In order to emphasise the key requirements of a social-ecological system for successful adaptive governance, Folke and colleagues contrasted case studies from the Florida Everglades and the Grand Canyon. Both are complex social-ecological systems that have experiences unwanted degradation of their ecosystem services, but differ substantially in terms of their institutional make-up.

The governance structure in the Everglades is dominated by the interests of agriculture and environmentalists who have been in conflict over the need to conserve the habitat at the expense of agricultural productivity throughout history. Here, a few feedbacks between the ecological system and the social system exist, and the SES is unable to innovate and adapt (the α-phase of reorganisation and growth).

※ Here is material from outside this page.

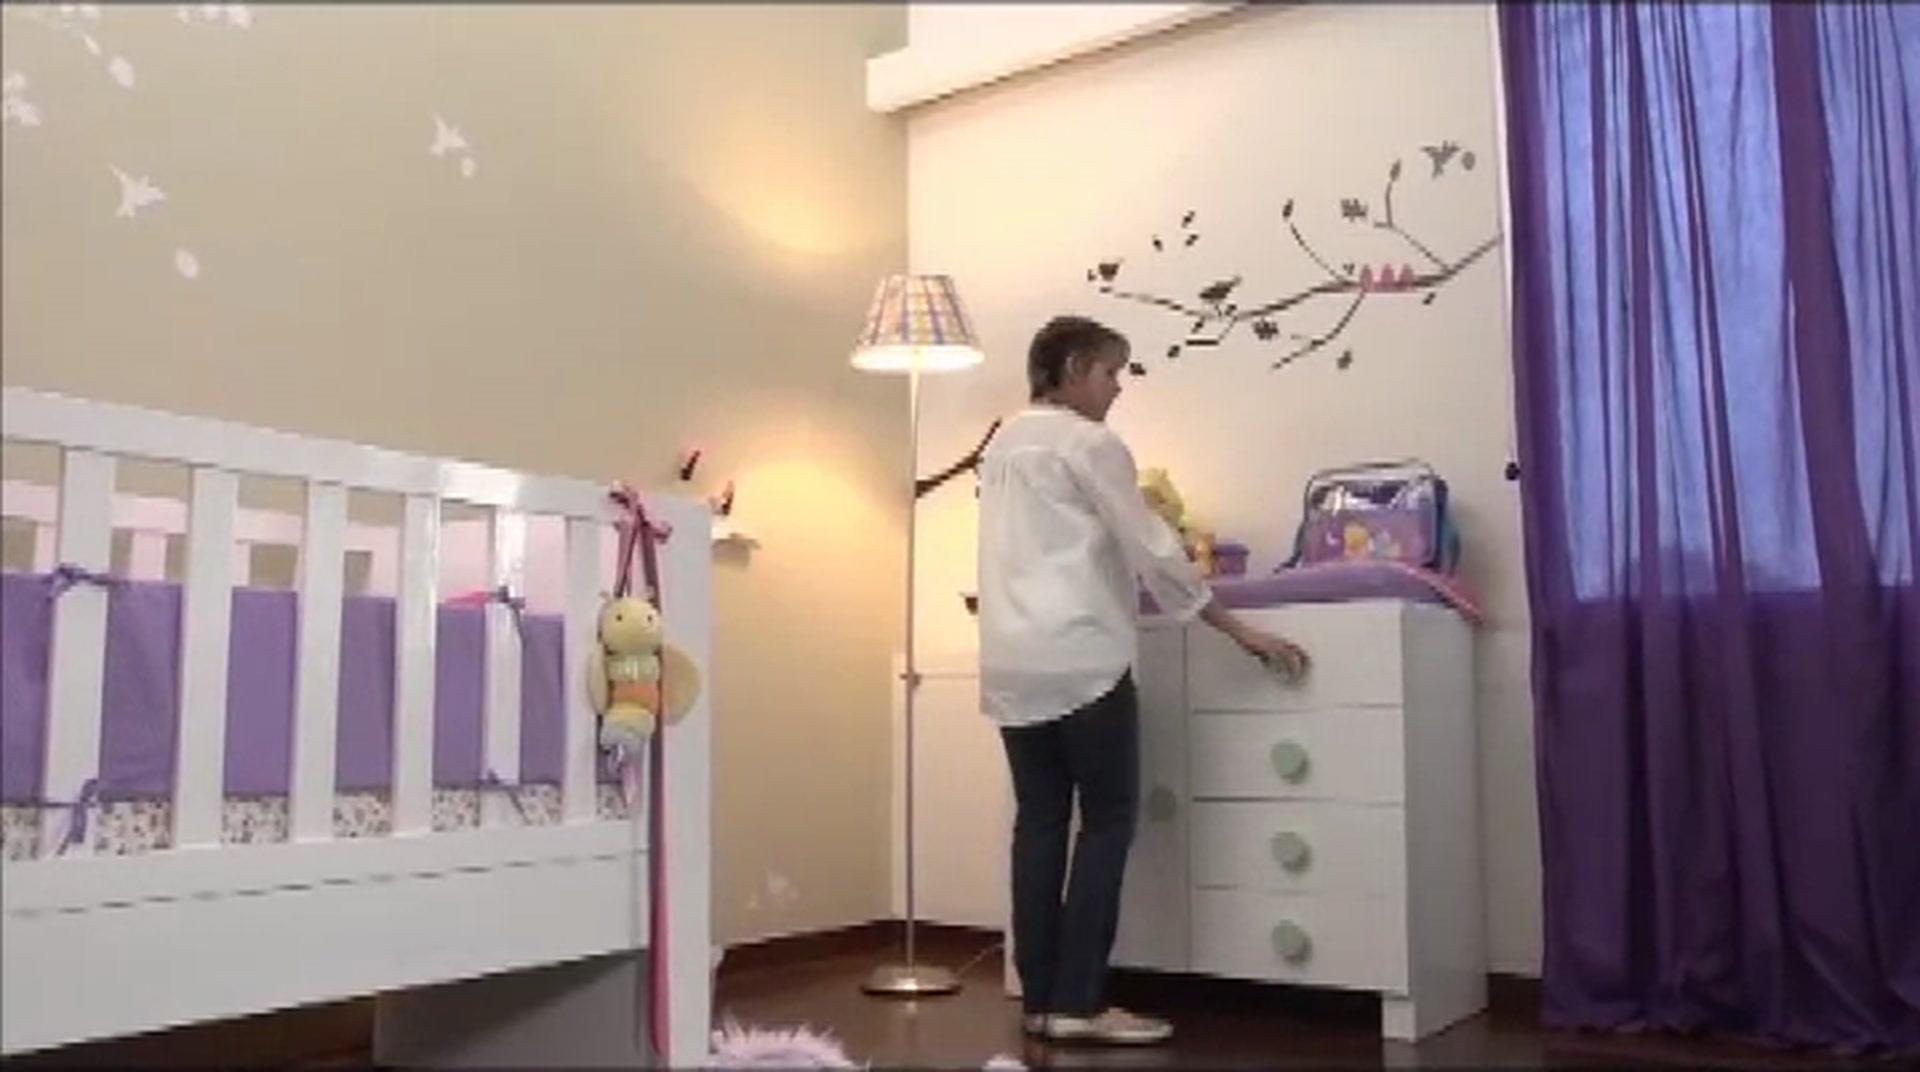 Cuando llega más de un pequeñín: gemelos o mellizos

In contrast, different stakeholders have formed an adaptive management workgroup in the case of Grand Canyon, using planned management interventions and monitoring to learn about changes occurring in the ecosystem including the best ways to subsequently manage them. Such an arrangement in governance creates the opportunity for institutional learning to take place, allowing for a successful period of reorganisation and growth. Such an approach to institutional learning is becoming more common as NGOs, scientist and communities collaborate to manage ecosystems.

==Links to sustainable development==

The concept of social-ecological systems has been developed in order to provide both a promising scientific gain as well as impact on problems of sustainable development. A close conceptual and methodological relation exists between the analysis of social-ecological systems, complexity research, and transdisciplinarity. These three research concepts are based on similar ideas and models of reasoning. Moreover, the research on social-ecological systems almost always uses transdisciplinary mode of operation in order to achieve an adequate problem orientation and to ensure integrative results. Problems of sustainable development are intrinsically tied to the social-ecological system defined to tackle them. This means that scientists from the relevant scientific disciplines or field of research as well as the involved societal stakeholders have to be regarded as elements of the social-ecological system in question.